Какое это простое и недоступное сейчас счастье — идти по ласковому летнему лесу и ощущать в сжатой ладони доверчивую руку ребенка!

Как ей досталось тогда от Зины за испорченный подоконник. Как Аленка, всхлипывая и не утирая бегущих слез, оправдывалась:

— Почему ты сердишься, мама? Я нарисовала ведь очень-очень хорошую девочку. Это Вика, она послушная и храбрая.

Аленки нет, Зины нет. И вот это полинявшее страшилище — храбрая Вика — все, что осталось… а подоконник окрасят.

День был на убыли. У крыльца над вытаявшим древесным мусором облачком толклись комары. По доске, брошенной через лужу, бегала трясогузка.

Локтев уходил на глухариный ток. Алексей вышел проводить. Над колодцем на голом шесте торчала скворечница. Скворец сидел на палочке у летка и пел. Пел неумолчно и горячо, вскидывая крылышки и надувая горло.

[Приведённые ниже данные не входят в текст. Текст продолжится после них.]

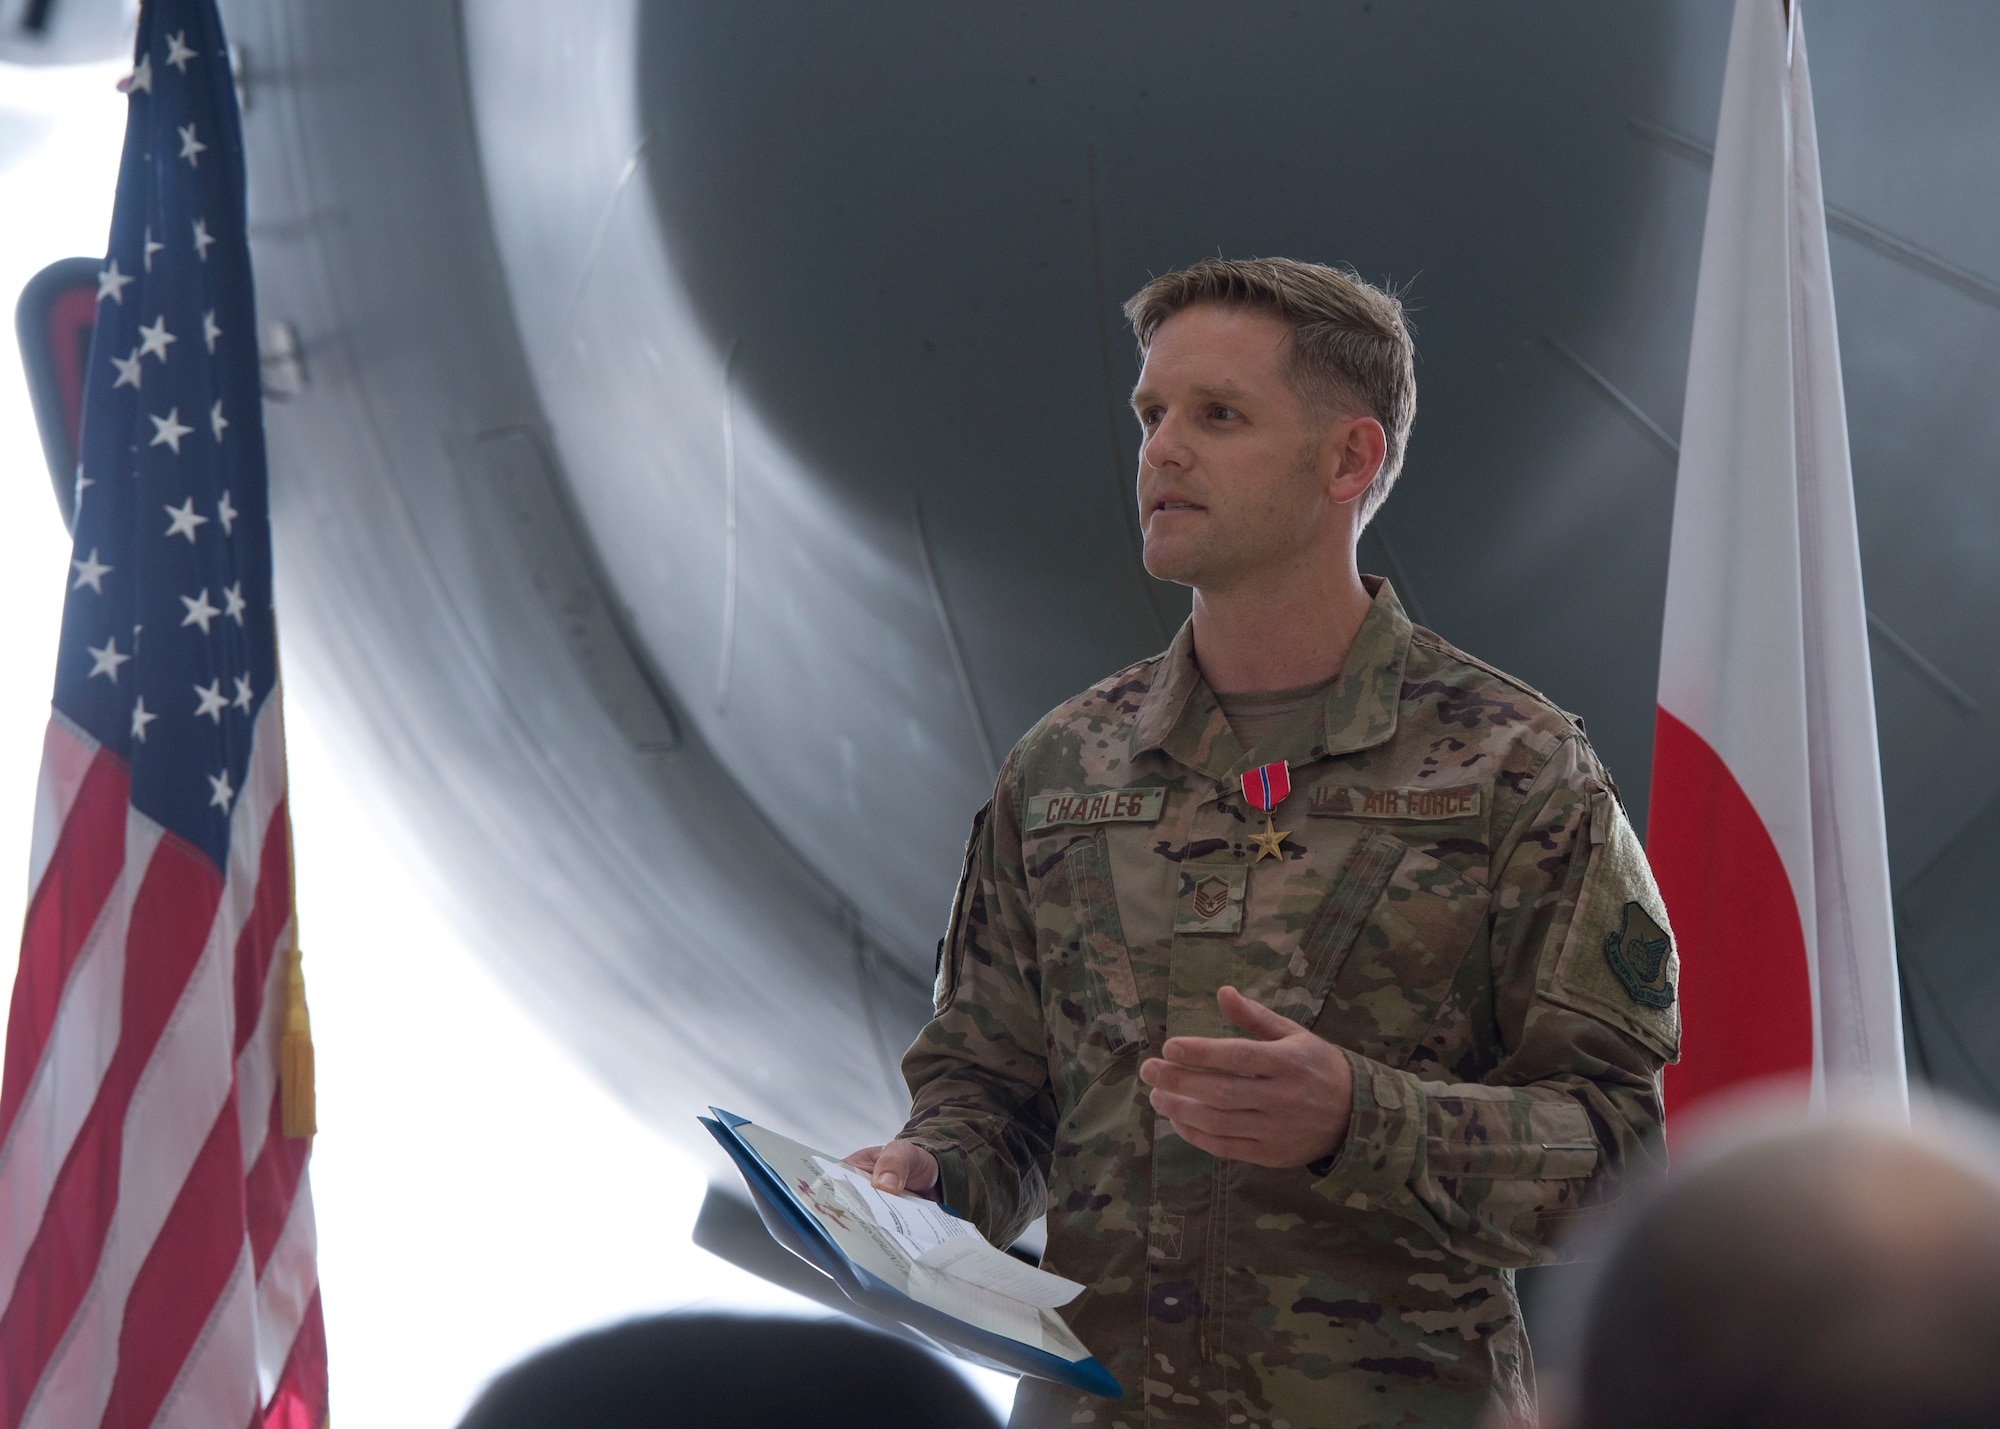 Master Sgt. James Charles, 374th Aircraft Maintenance Squadron production superintendent, speaks about receiving the Bronze Star Medal, during a ceremony held at Yokota Air Base, Japan

Четыре доски, крышка, донце и круглая дырочка — дверь. Небогатый дом у певца! А сколько радости!.. Правда, солнце теплым, желтым, как масло, светом залило скворечник. Правда, сверху очень далеко видно: все поля, опушку леса, пожалуй, и ледоход на реке. Ширь…

Локтев нагнулся, чтобы пролезть в изгородь, зацепился ружьем за жердину и чуть не упал. Алексей поддержал его, схватив за куртку. Оба рассмеялись.

— Силен.

— Одностволки всегда крепче бьют. Дай-ка прикурить, спички дома оставил.

Мужчины помолчали, слушая скворца.

— Вечер красивый, — сказал Алексей. — Тихо: смотри, дым-то как… И парит.

— Выходит, что ты жив и все по-старому, — задумчиво сказал Локтев, всматриваясь в спокойное лицо друга, знакомое, с незнакомым шрамом, вздернувшим уголок губ так, словно они скажут сейчас что-нибудь смешное.

— Подправил скворечник — и живу. А у тебя что? Не хотел при Катерине спрашивать. О Зине и Аленке больше ничего?

— Ничего.

— Н-да… Прости, глупо спросил… Ты только не вздумай идти через Коровий ручей: вода большая, наберешь за голенища. Обойди верхом, через Долгие Нивы, а там по зимнику и до боровины. Не забыл?

— Помню.

— А то остался бы, пожил, отдохнул. В субботу вместе бы пошли.